На одном из таких холмов, справа, показались две человеческие фигуры. Это были женщины, крестьянки, хлопотавшие над чем-то, лежащим на земле. Девушки заметили их одновременно. Подъехав ближе, они увидели, что на земле кто-то лежит. Здесь же стояли эти женщины, а рядом сидел совсем маленький мальчик.
Старшая сестра приказала кучеру остановиться, спрыгнула с коляски и потянула за руку сидевшую в нерешительности сестру. Когда сестры поднялись по заросшему склону, они увидели, что на земле, возле почти угасшего костра, лежит девочка лет тринадцати — четырнадцати. Женщины и мальчик не отрываясь смотрели на нее, как на привидение.
Сестры сразу поняли, что девочка на траве рядом с костром тяжело больна и в лихорадке. Девушки умели только сказать «добрый день», больше они не знали ни слова. Позвали кучера. С явной неохотой он слез с коляски, внимательно проверил упряжь и только потом поднялся на холм и принялся выполнять обязанности переводчика.

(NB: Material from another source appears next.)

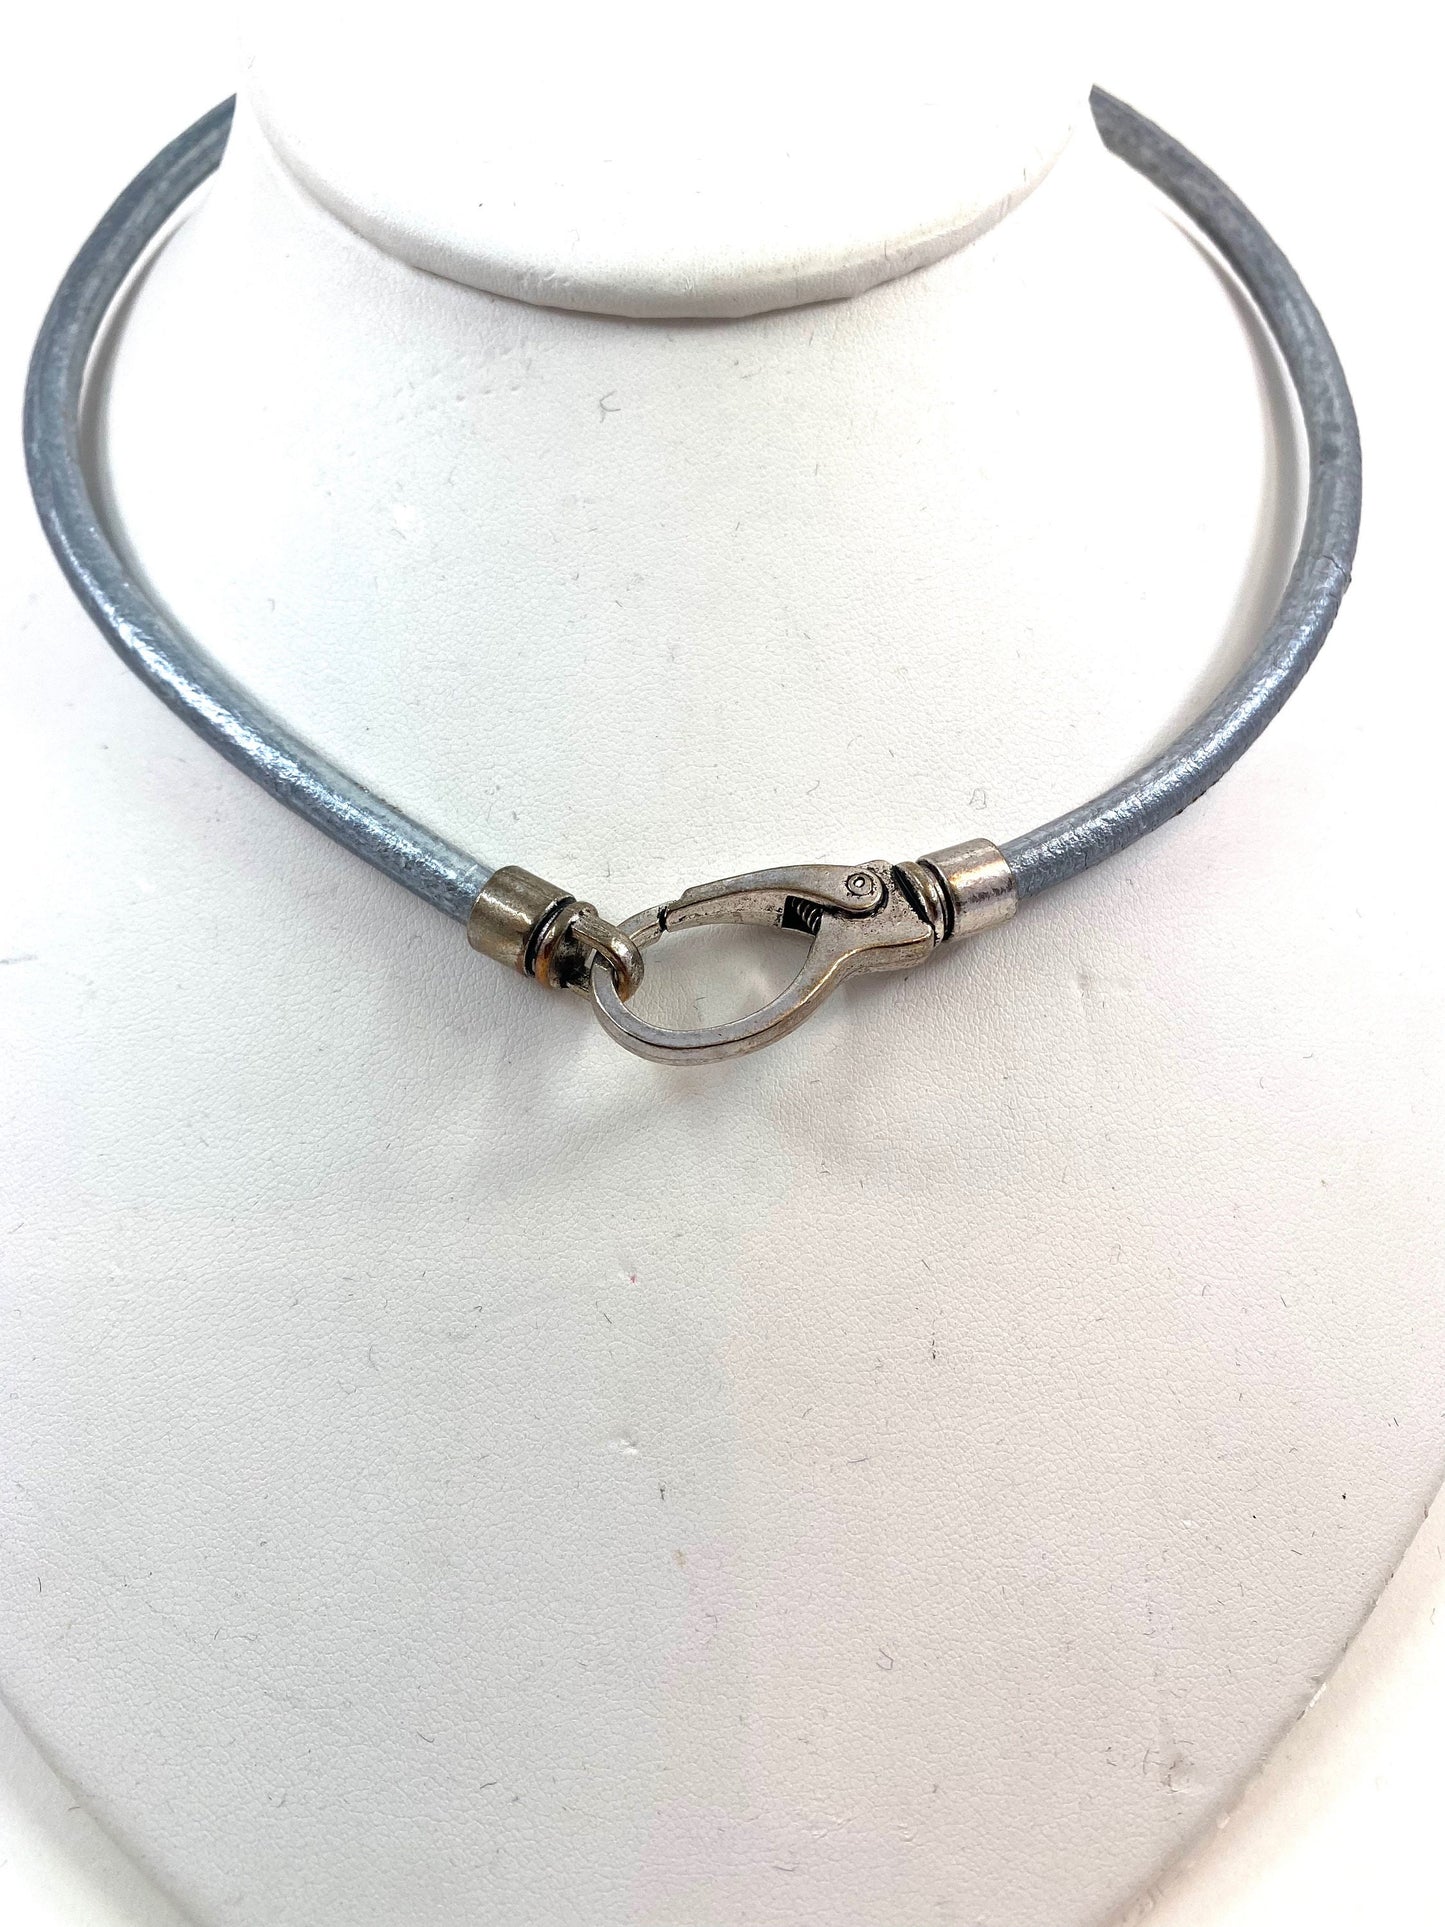 Leather Necklace. Silver-gray Italian leather choker necklace fashioned with a center silver large lobster and loop clasp. Leather is soft.

Девочка собирала разбредшихся овец, и где-то здесь, в кустах, ее ужалила змея. (Обе сестры замерли, пораженные и испуганные, будто сами наступили на змею.) Рассказывала заплаканная женщина помоложе, мать девочки. При этом она так часто и тяжело дышала, словно несла в гору большой груз. Женщина постарше сидела на корточках возле девочки и что-то нашептывала.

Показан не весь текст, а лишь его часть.